Problem requirements » Copy out the listing that follows, exactly, without its pictures.

Records provided »
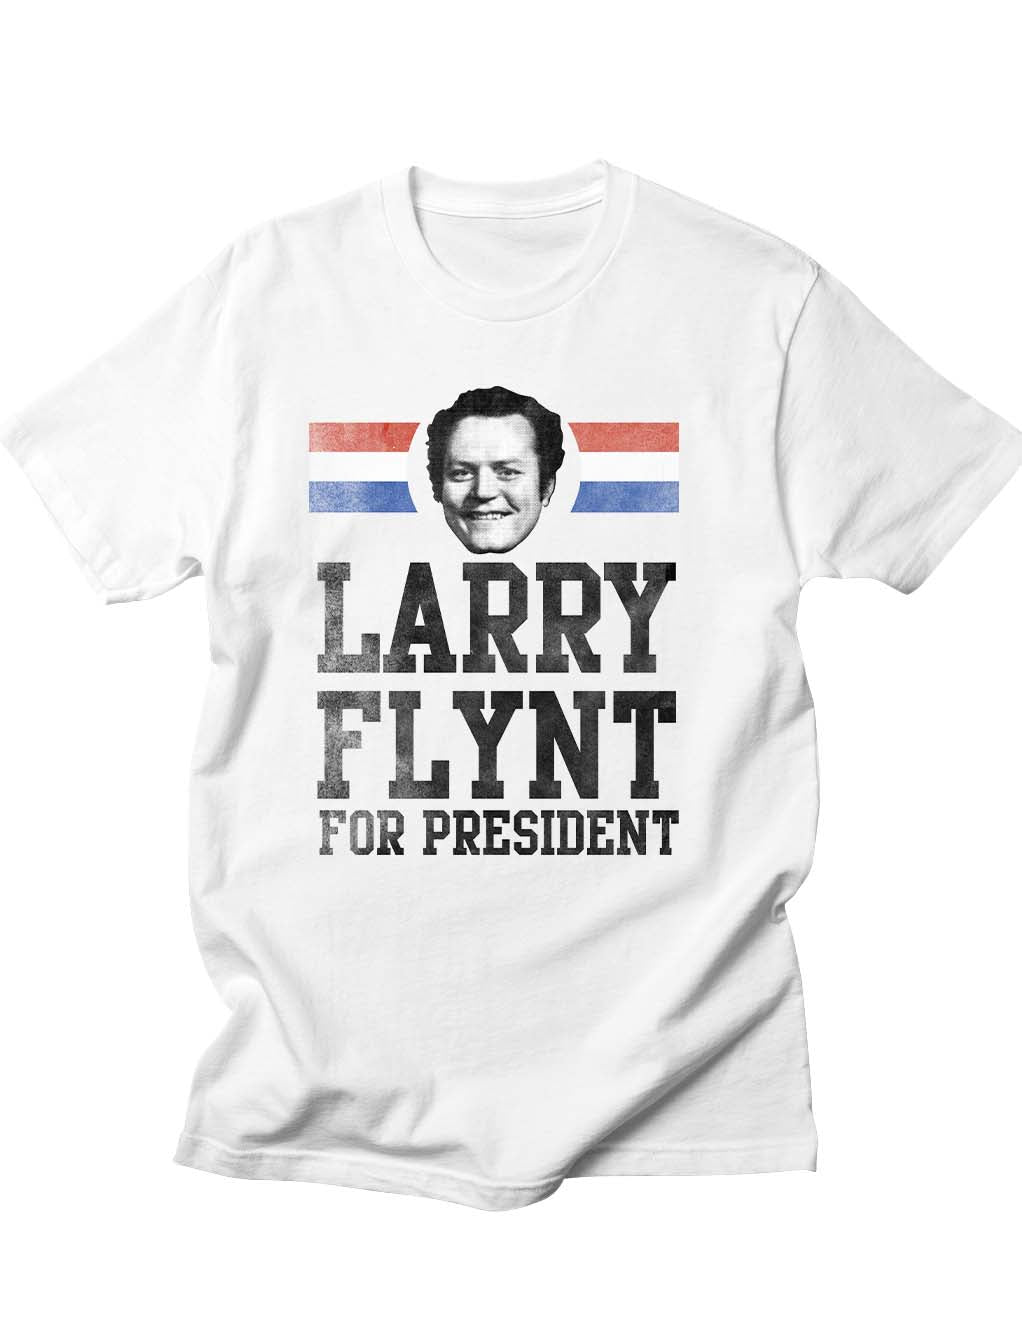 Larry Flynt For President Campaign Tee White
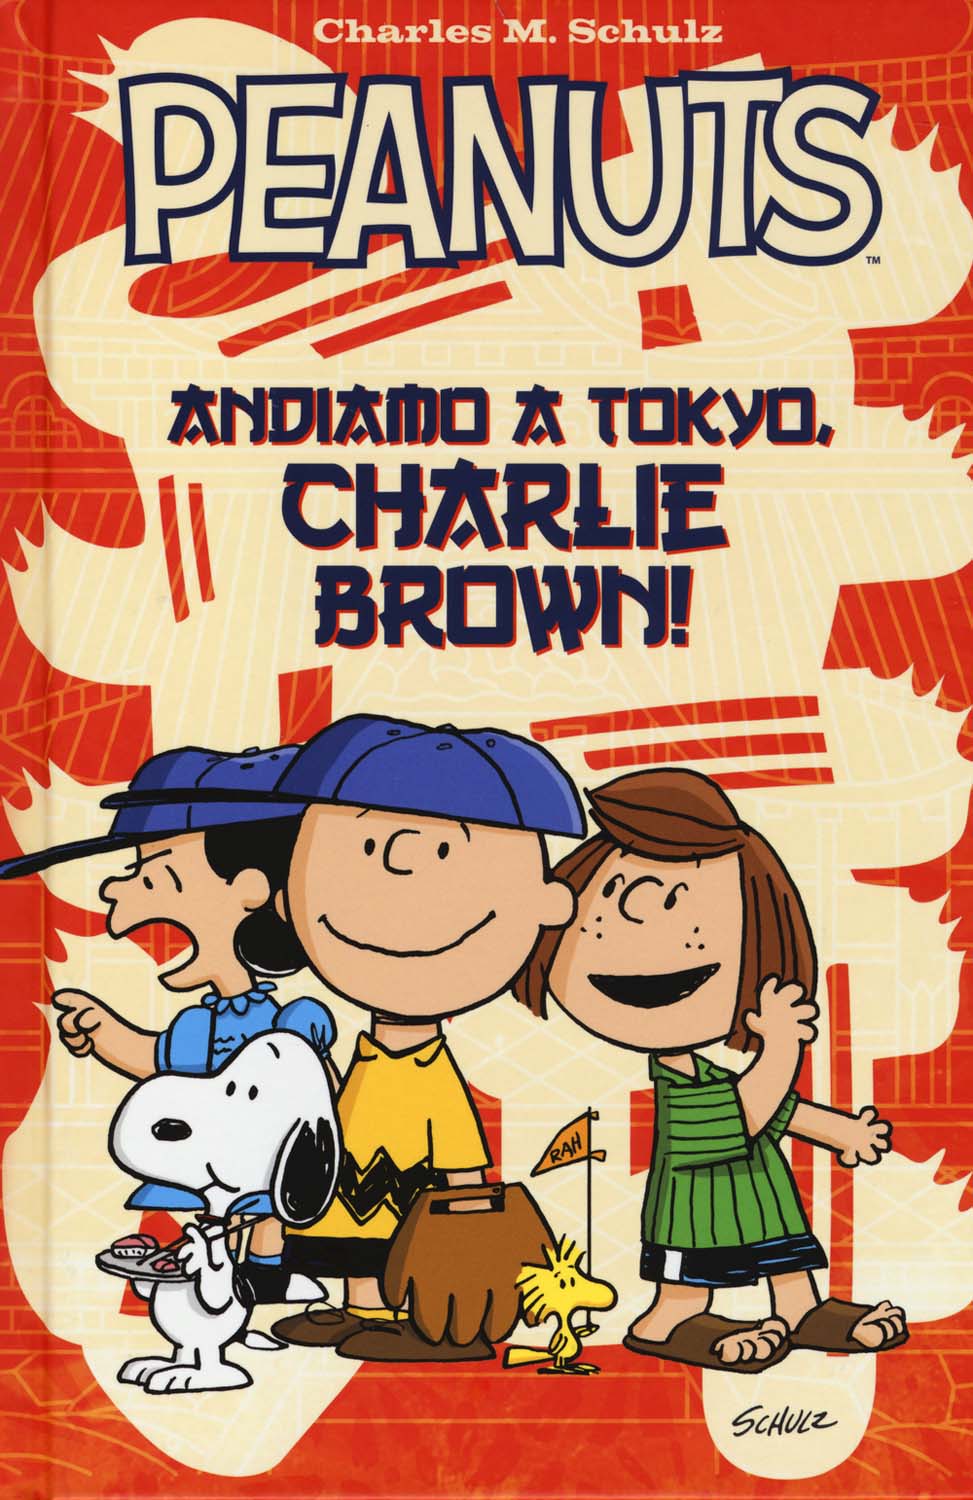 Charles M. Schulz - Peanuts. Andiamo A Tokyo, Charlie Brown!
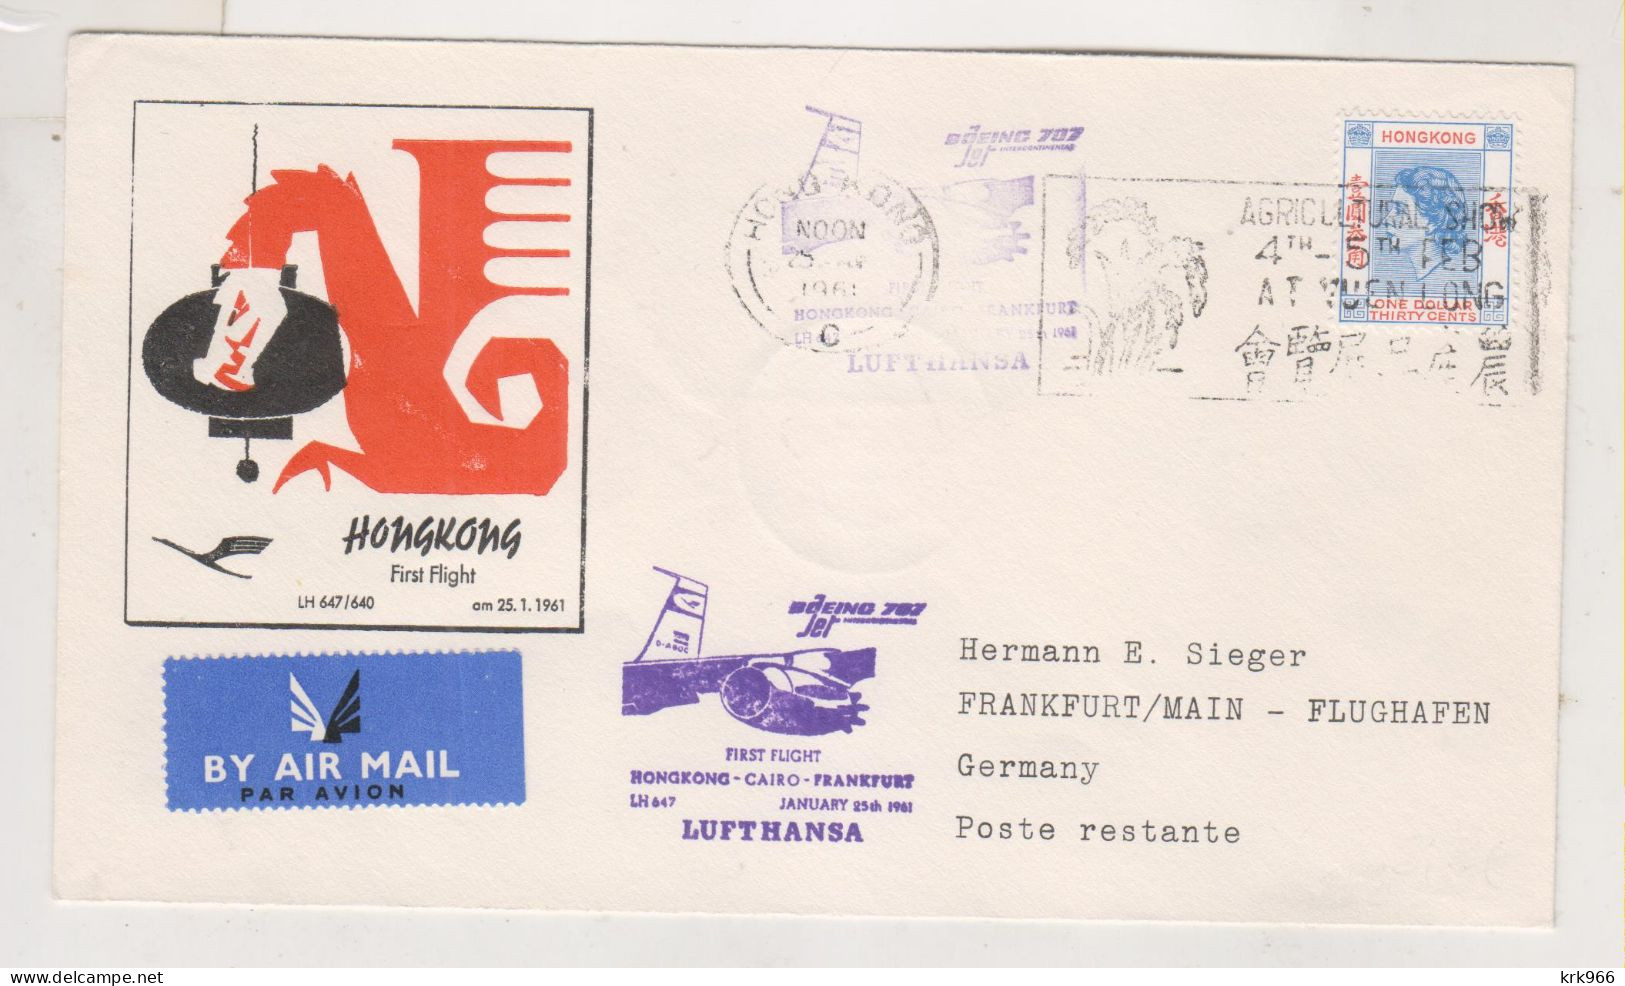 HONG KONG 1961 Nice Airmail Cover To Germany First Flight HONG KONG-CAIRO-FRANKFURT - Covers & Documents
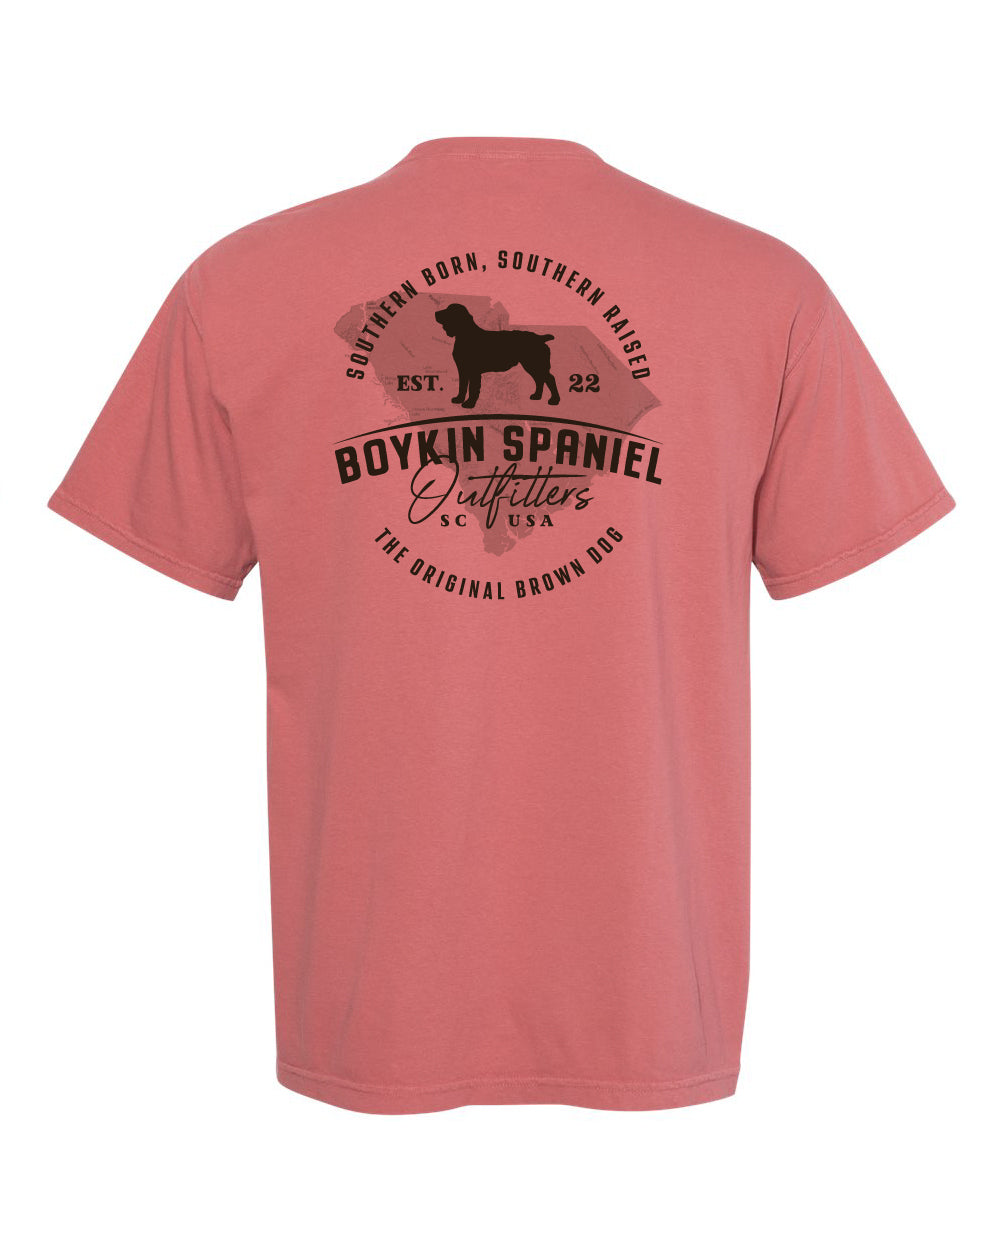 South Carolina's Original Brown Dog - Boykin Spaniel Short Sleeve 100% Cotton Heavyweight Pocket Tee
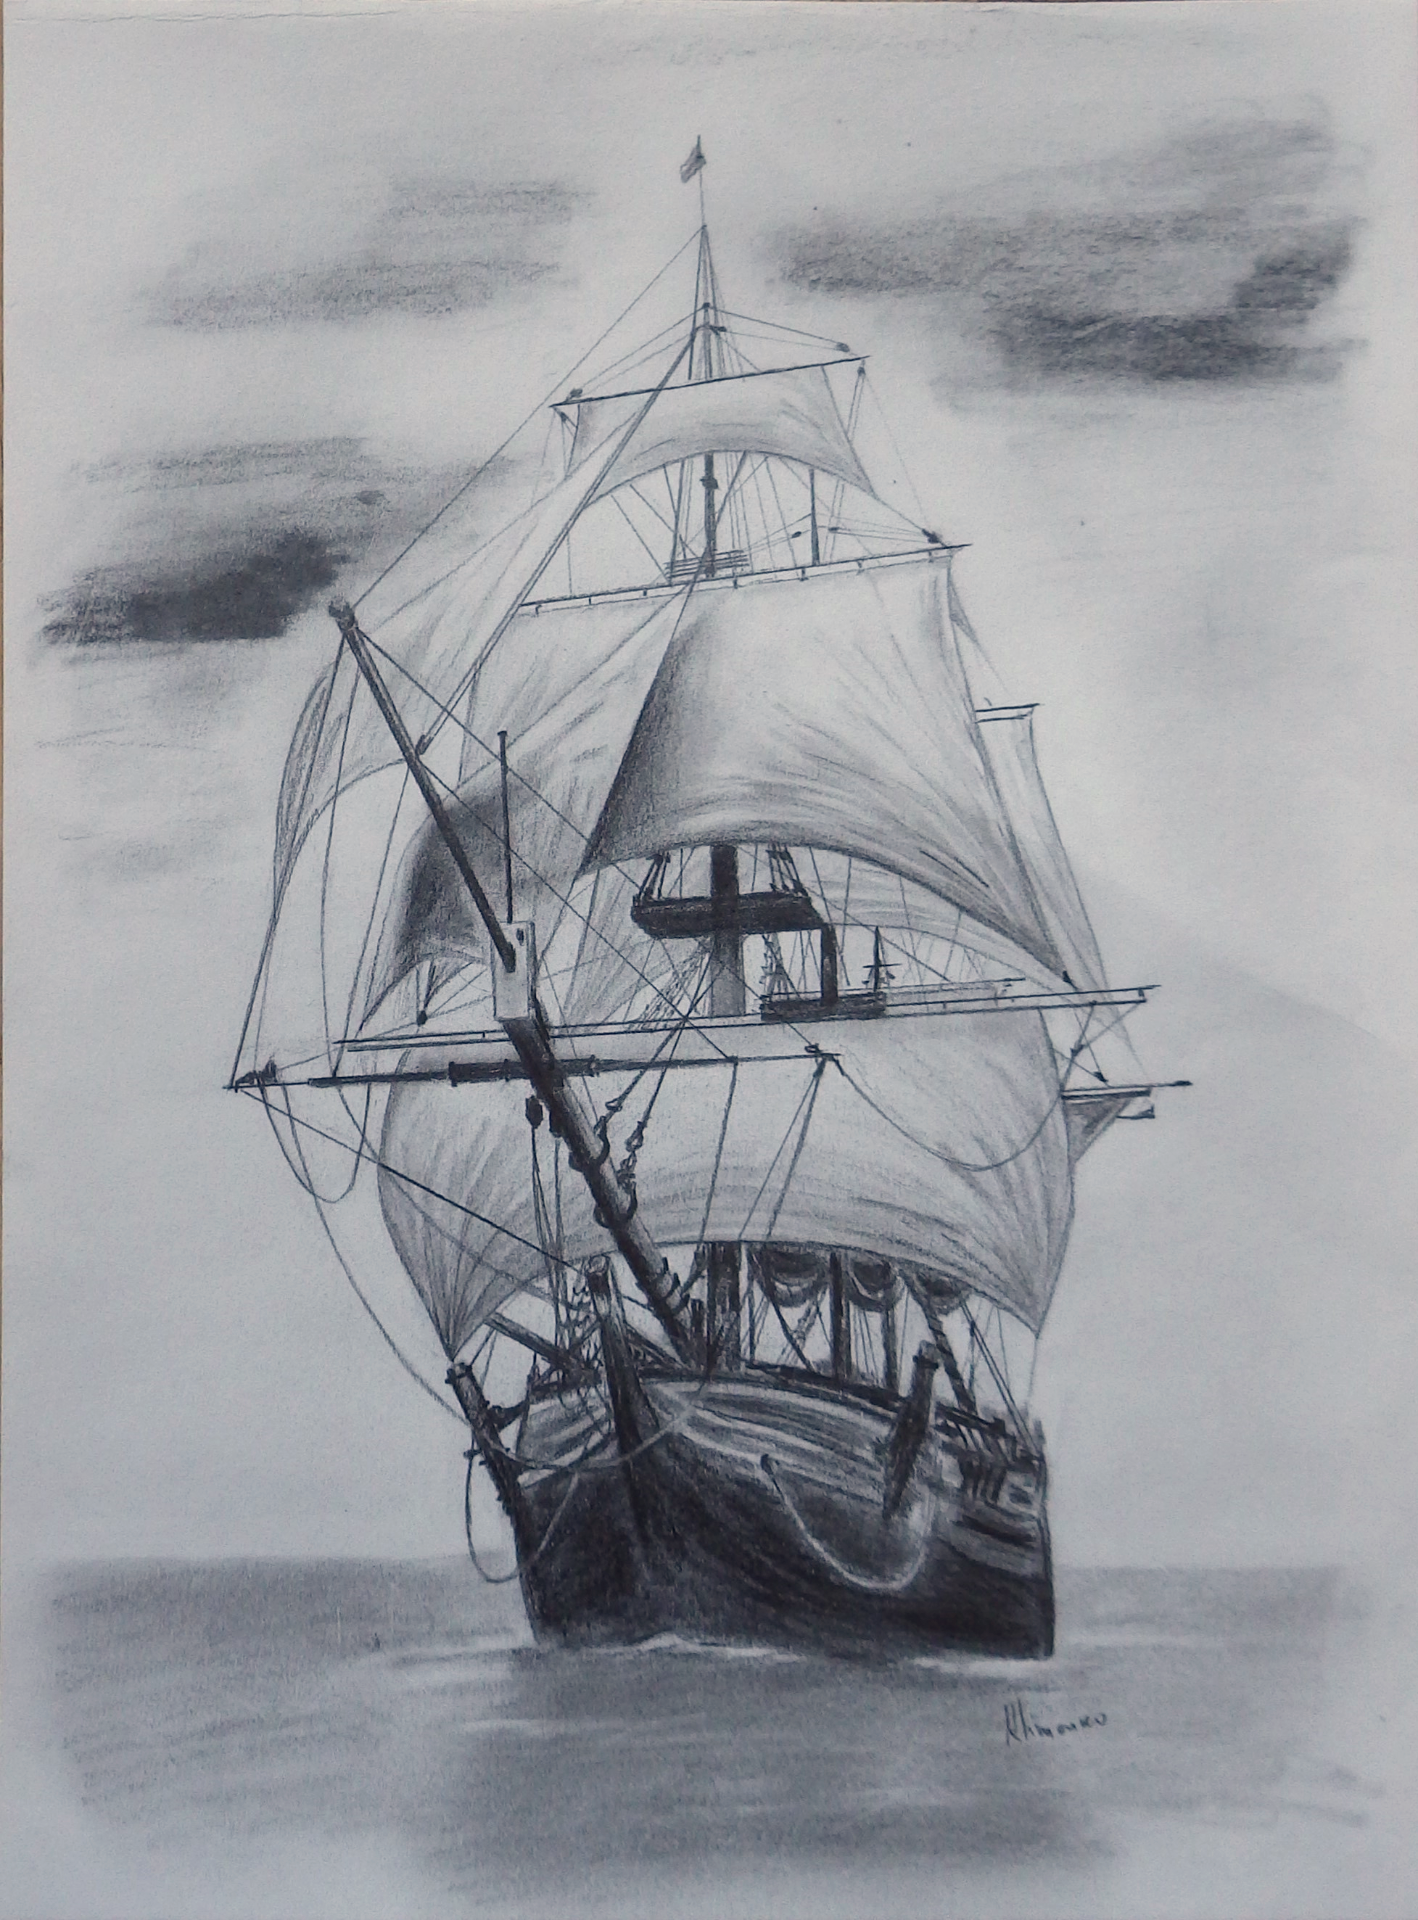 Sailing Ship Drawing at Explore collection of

Solution »
 Larry Flynt For President Campaign Tee White
 Charles M. Schulz - Peanuts. Andiamo A Tokyo, Charlie Brown!
 HONG KONG 1961 Nice Airmail Cover To Germany First Flight HONG KONG-CAIRO-FRANKFURT - Covers & Documents
 South Carolina's Original Brown Dog - Boykin Spaniel Short Sleeve 100% Cotton Heavyweight Pocket Tee
 Sailing Ship Drawing at Explore collection of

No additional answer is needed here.